Lead Proponent: Lafarge Canada Inc.
Location: Bath, Ontario
ecoEII Contribution: $ 3,423,200
Project Total: $ 13,981,000
The global cement industry is a very significant source of greenhouse gases, emitting about 5% of the world’s carbon dioxide (CO2) emissions, or approximately two and a half times Canada’s total emissions. One of the major sources of CO2 from a cement production plant is the fuel used to heat the kiln. In making cement, raw materials such as limestone and clay or shale are placed in the kiln and heated with this fuel to an average temperature of 1450°C, in order to produce an intermediate product called clinker. The resulting clinker is ground into a fine grey powdered cement. In Canada, the primary fuels used are coal or petroleum coke, both of which are high carbon fossil fuels, as well as some natural gas usage, which is another fossil fuel.
Recognizing the need to reduce CO2 emissions from cement production, as well as other competitive advantages of reducing operating (fuel) costs, Lafarge proposed the project “Low Carbon Fuel Demonstration Pilot Plant” for ecoEII funding. The project was awarded $3,423,200 to demonstrate the use of lower carbon fuels (LCFs) as a partial replacement for pulverized coal-petroleum coke mix currently used at Lafarge’s Bath, Ontario plant.
Design and construction of the LCF platform, including a LCF injection system began in the summer of 2013 and continued through the fall. Changes were also made to the plant’s burner design in order to optimize its performance with LCFs and explore the potential for LCF to reduce NOx emissions. In December 2013, a pre-commissioning trial was conducted and construction continued on the demonstration plant through the spring of 2014.
One of the key challenges of repurposing landfill-bound raw materials as fuel is the processing, which includes size reduction (for efficient combustion), magnetic separation (to remove metal), and blending (to ensure a flowable and consistent fuel mix). This work was carried out by fuel supply partners. Testing of fuels was then conducted to determine combustibility, and the findings were used to modify the LCF system; for example, explosion panels and de-dusting systems were installed.
In July 2014, the completed demonstration plant was started up. Operational tests were conducted throughout the summer and as a result, adjustments were made to the feed system. Quality testing was performed on the cement produced and no detrimental effects were identified. Lafarge obtained pilot approval from the Ontario Ministry of Environment and Climate Change (MOECC), as well as other approvals needed to conduct the project.

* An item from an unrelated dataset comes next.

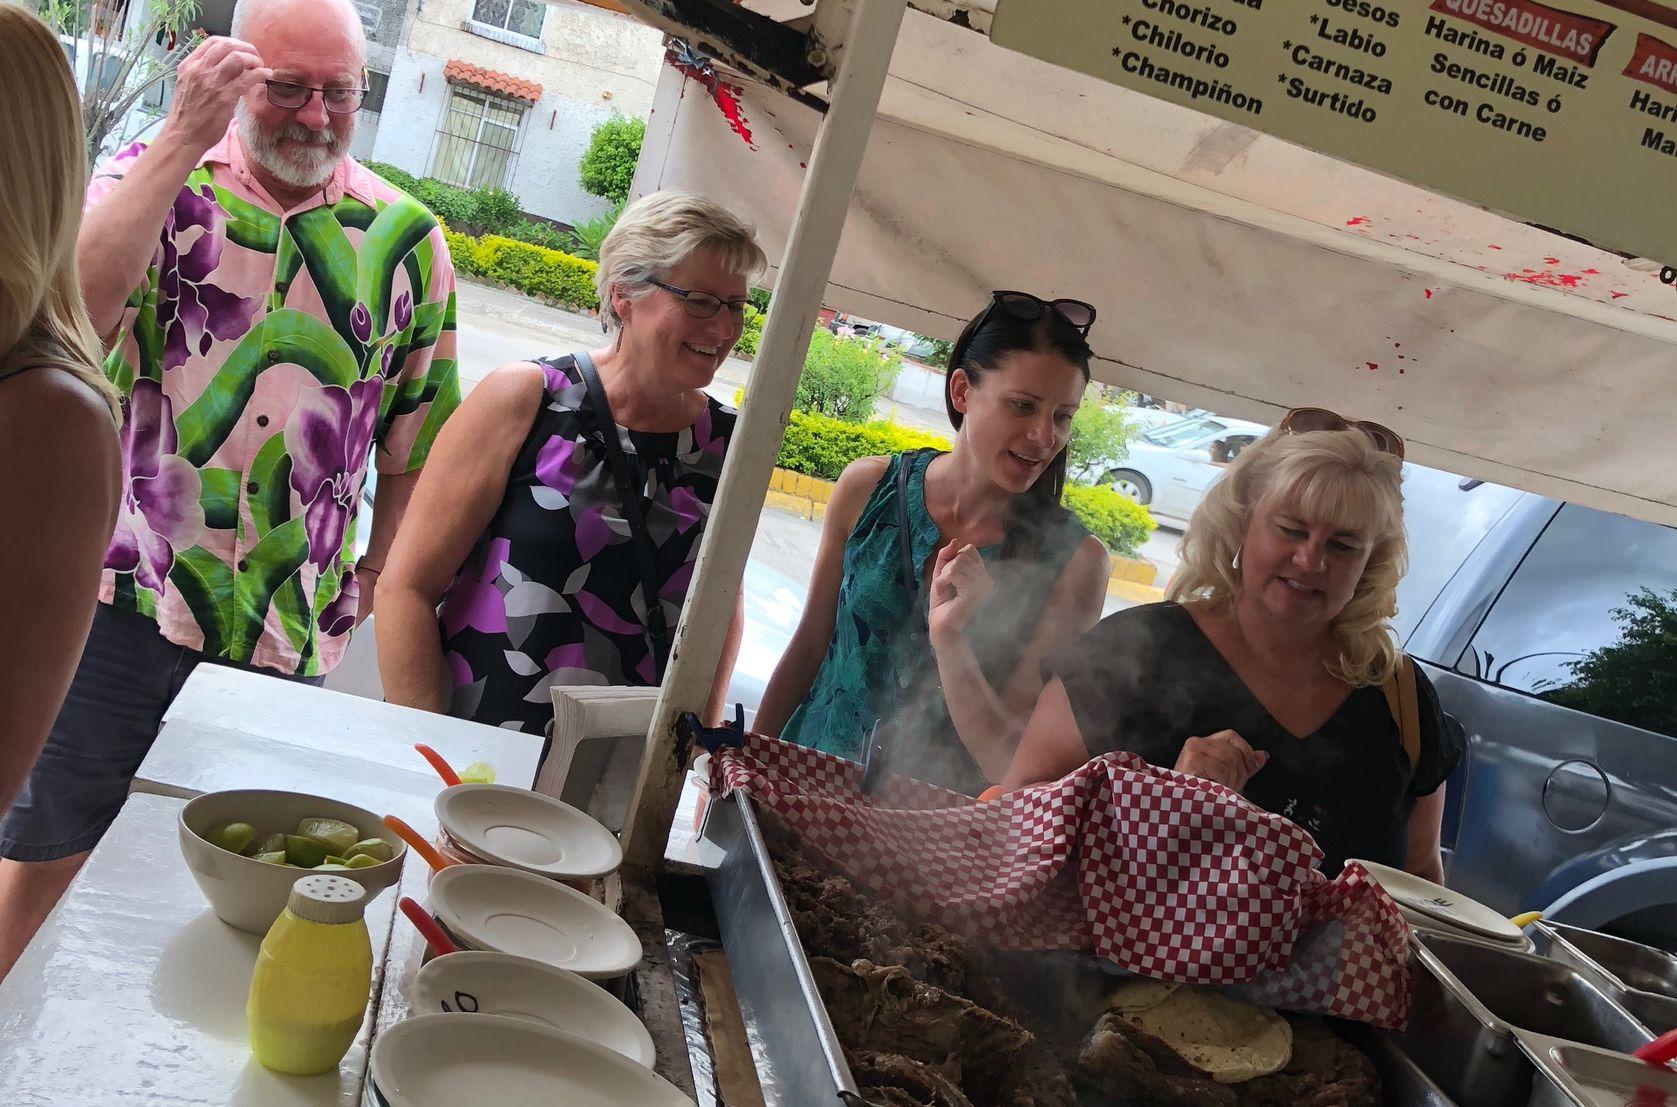 Downtown Food Tasting & Walking Tour in Cabo San Lucas

Three fuel trials using different fuel mixes were completed. The first LCF test was conducted in October 2014 after filing the necessary 30-day notice period with the MOECC). Over 500 tonnes of pre-mixed feedstock (30% construction and demolition waste, 30% shingles, and 40% railway ties) was collected and stored for the source emission testing. The plant ran well during the test period with only one sampling interruption during a high wind period. Samples of test 1 stack emissions were taken for analysis, and results indicated that provincial limits were met with a wide margin. Statistical analysis revealed that only total hydrocarbons and total particulate were statistically significant during the LCF test 1 – and they were both lower than during baseline testing. Further analysis concluded that these effects, while beneficial, were not due to the use of LCFs. A Life Cycle Assessment (LCA) of greenhouse gas emissions (GHG) reduction determined that for every gigajoule of coal/coke replaced by LCF, GHG emissions (in CO2 equivalents) were reduced by over 70% with no increase in any other emissions.

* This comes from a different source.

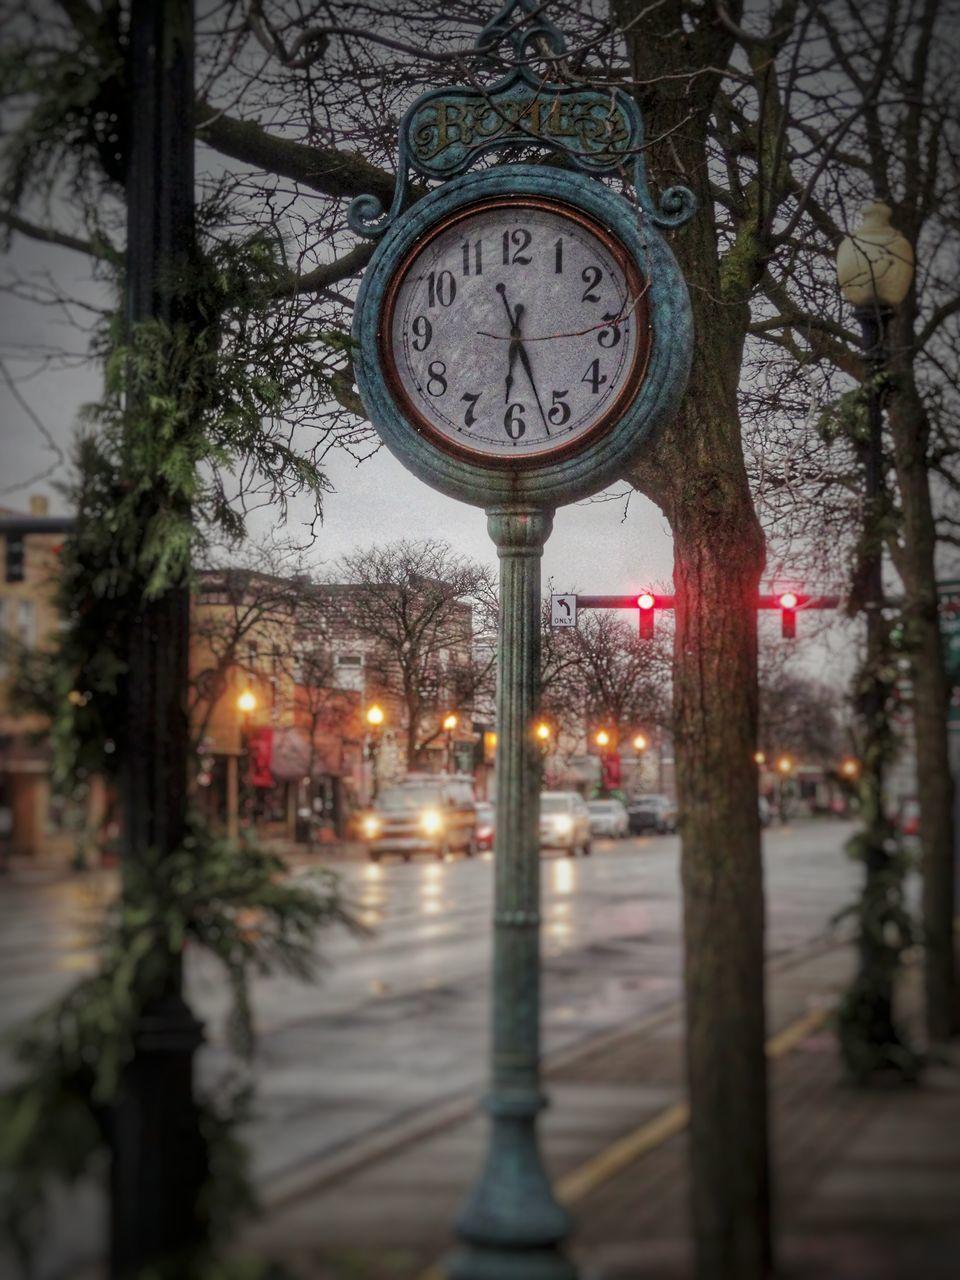 tree, clock, bare tree, time, winter, no people, outdoors, snow, night, nature, city, clock face, sky, close-up

Different feedstock mixes were used in subsequent tests including non-recyclable packaging from cardboard recyclers, shredded biomass/plastic composites, carpets, textiles, beverage containers, and K-Cups with similar results.
Benefits to Canada
According to Lafarge, use of LCF at the demonstration plant resulted in a decrease of 17,226 tonnes of CO2e and displacement of 6829 metric tonnes of coal (in 2016-17). Replication at plants across the country would enable the cement industry to remain globally competitive by reducing operating costs and carbon intensity. Once fully deployed in spin off projects, the Canadian industry can reduce its CO2e emissions by over 1 million tonnes annually.
Retrofitting Lafarge’s 5 cement plants to use LCF, licensing of other cement and lime kiln plants across Canada, establishing a supply chain to ensure a reliable and high quality fuel supply, and improving processing systems.